Is it possible to leave Klintsy? (data mining of blablacar.ru)

Parsing blablacar.ru website and analyzing passenger traffic from Klintsy, Bryansk region using the R programming language.

Prehistory

By the will of various circumstances, downshift in a small town of the Bryansk region (Klintsy). I live, I work, I am interested in cultural rest. "Where can I go here?" - I ask the locals. "It is best to go to the station for tickets," clinch benevolently advise.

I liked the idea, and decided to take one-two-day trips as an escape from worries, choosing Blablakar for this purpose (it’s more economical to pick up the travel time, you can talk with the driver, more choice of routes).

In order to better present: where, when, how and for how much you can leave Klintsy, he did a little research. Results, algorithm, scripts and data are shared in this article.

R libraries

The following R libraries were used for the study:

rvest, Rselenium - data parsing;
dplyr, tidyr - data manipulation;
ggplot2, ggmap, grid, gridExtra - visualization;
forecast, zoo - work with time series;
aret, xgboost, mlr - machine learning.

Data acquisition

It was not possible to collect data from the site using standard R tools (rvest library). Blablakar works on JS, which forms dynamic pages depending on the user's request, and the rvest functions do not support them.

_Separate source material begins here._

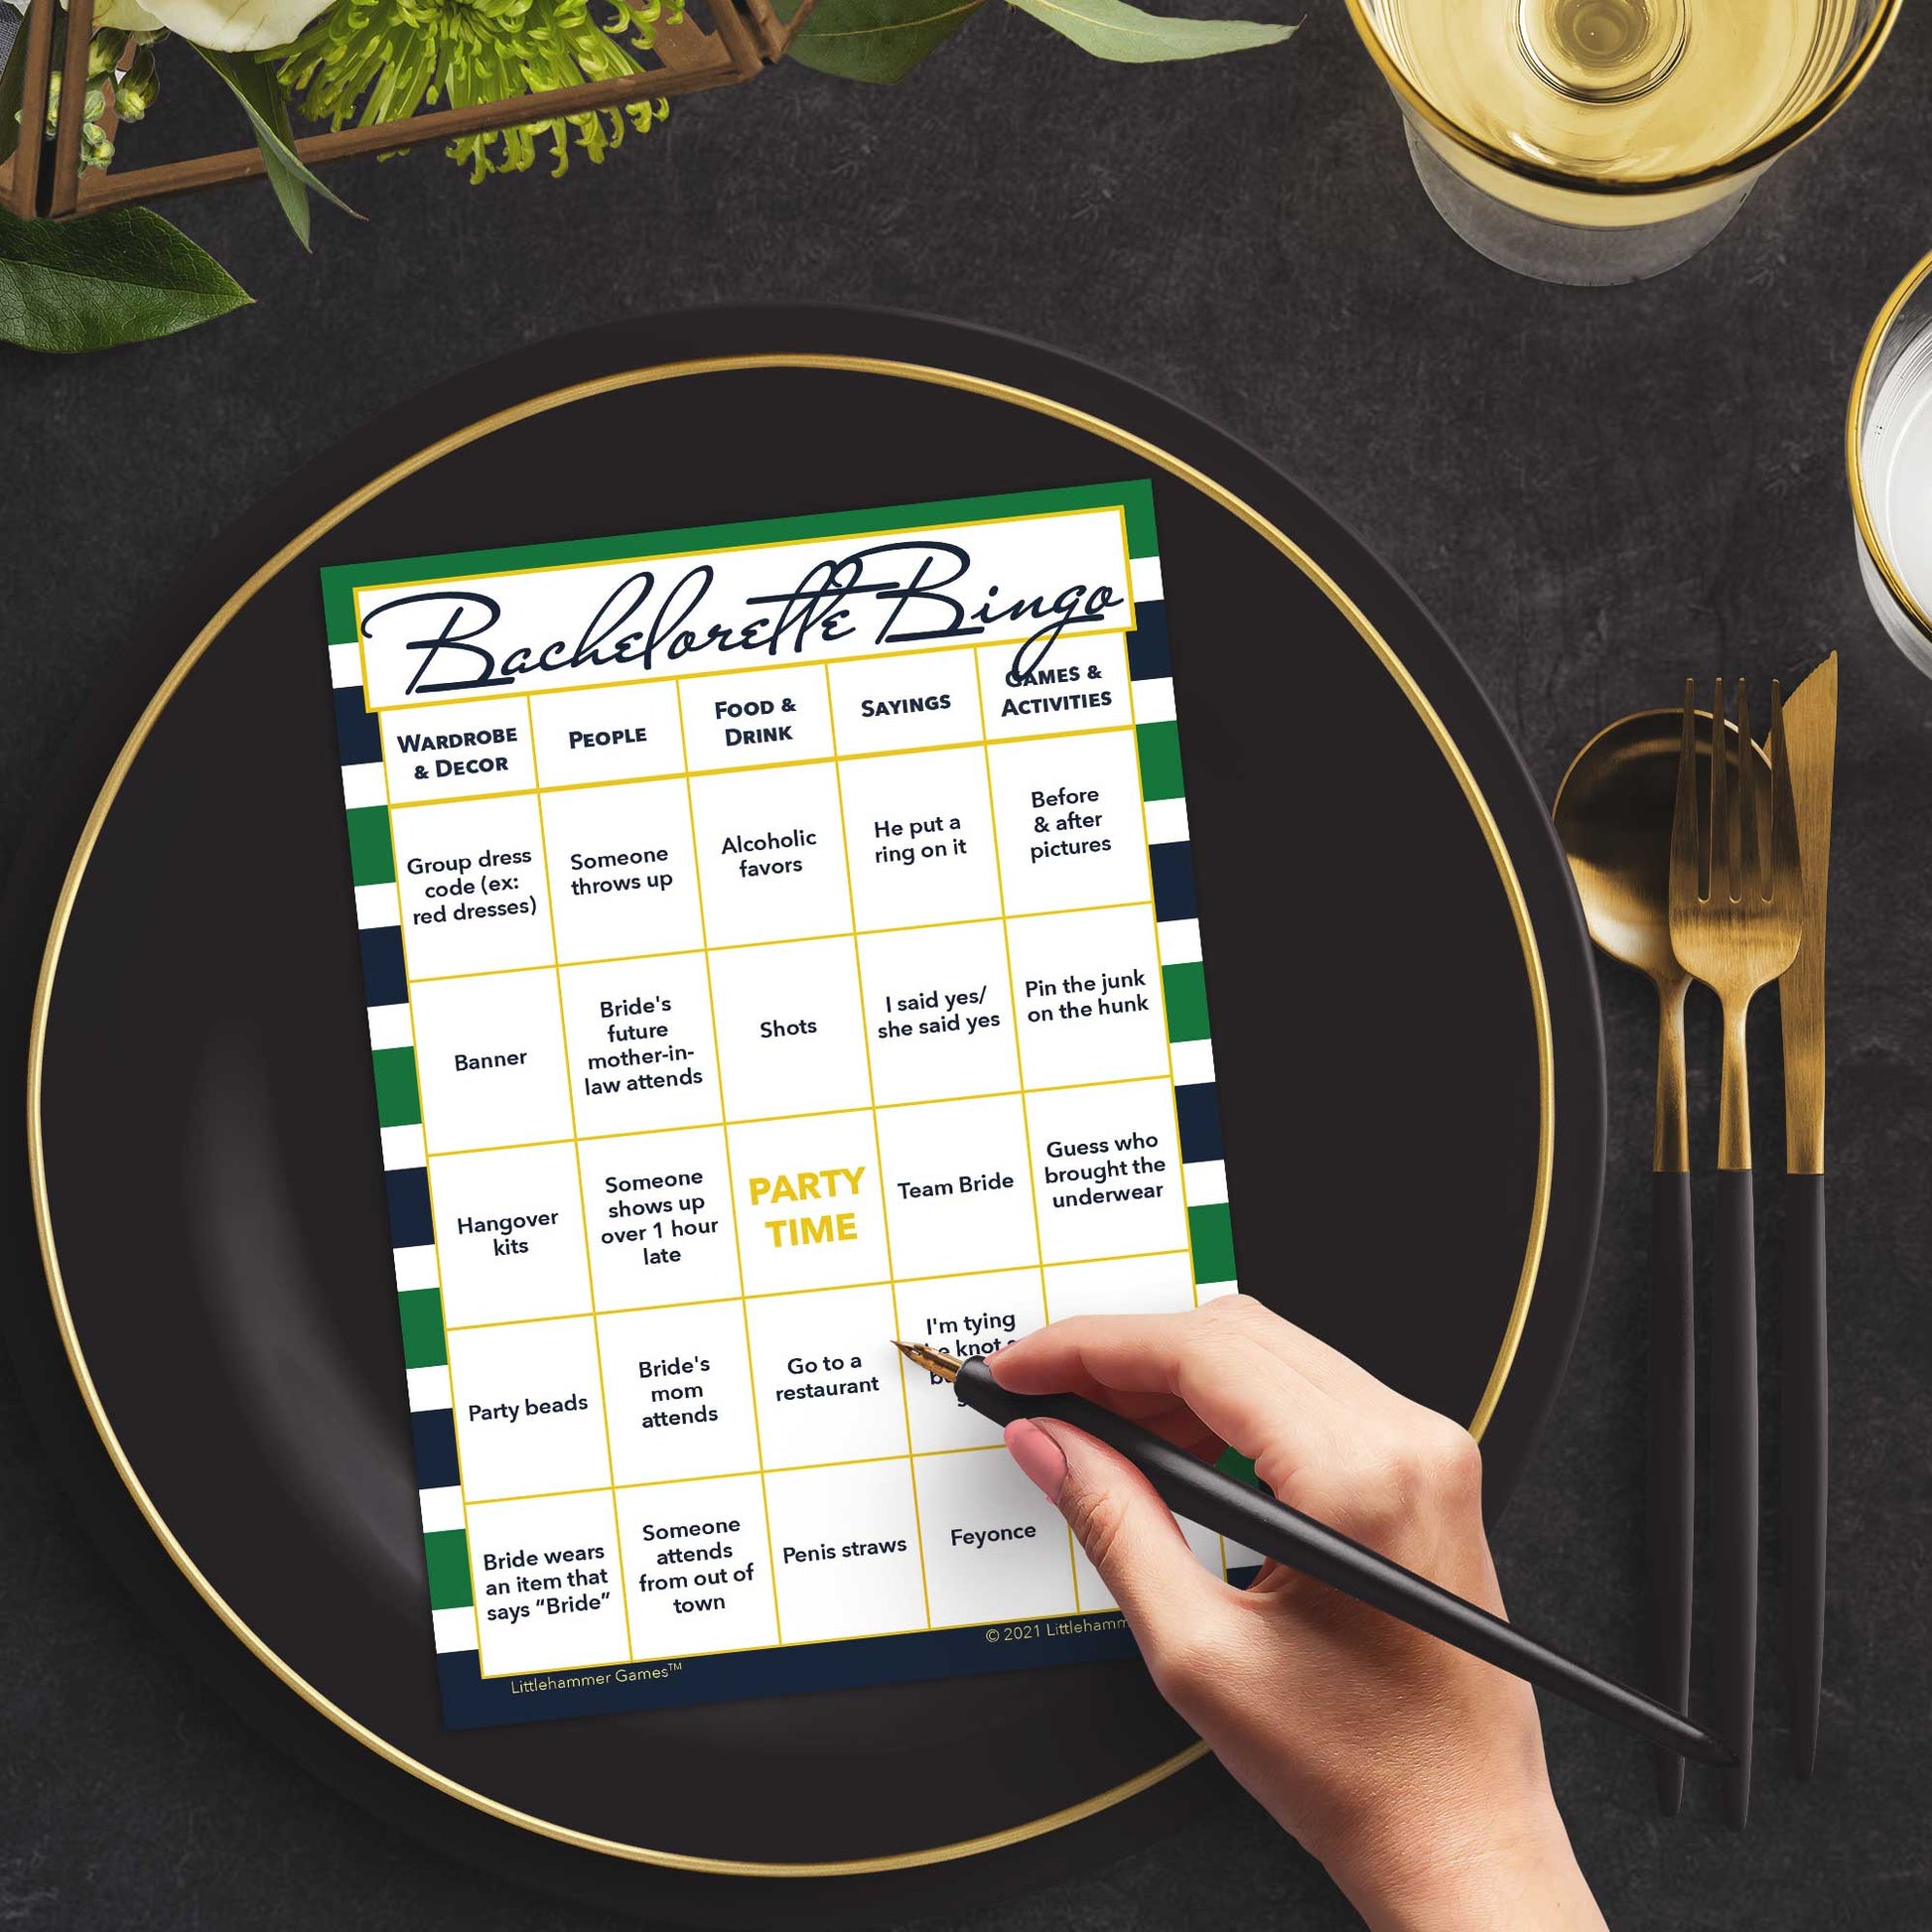 Woman with a pen sitting at a table with a green and navy-striped Bachelorette Bingo game card on a gold and black plate on a dark place setting

Since I am familiar with web technologies to the extent that I did, I didn’t understand where and what was on the server and how it tightened up, but chose a simpler, as it seemed to me, solution.

I installed a Rselenium server on my machine, launched Google Chrome through it, which formed the necessary page and saved the output. Further the page without problems was parsed by R.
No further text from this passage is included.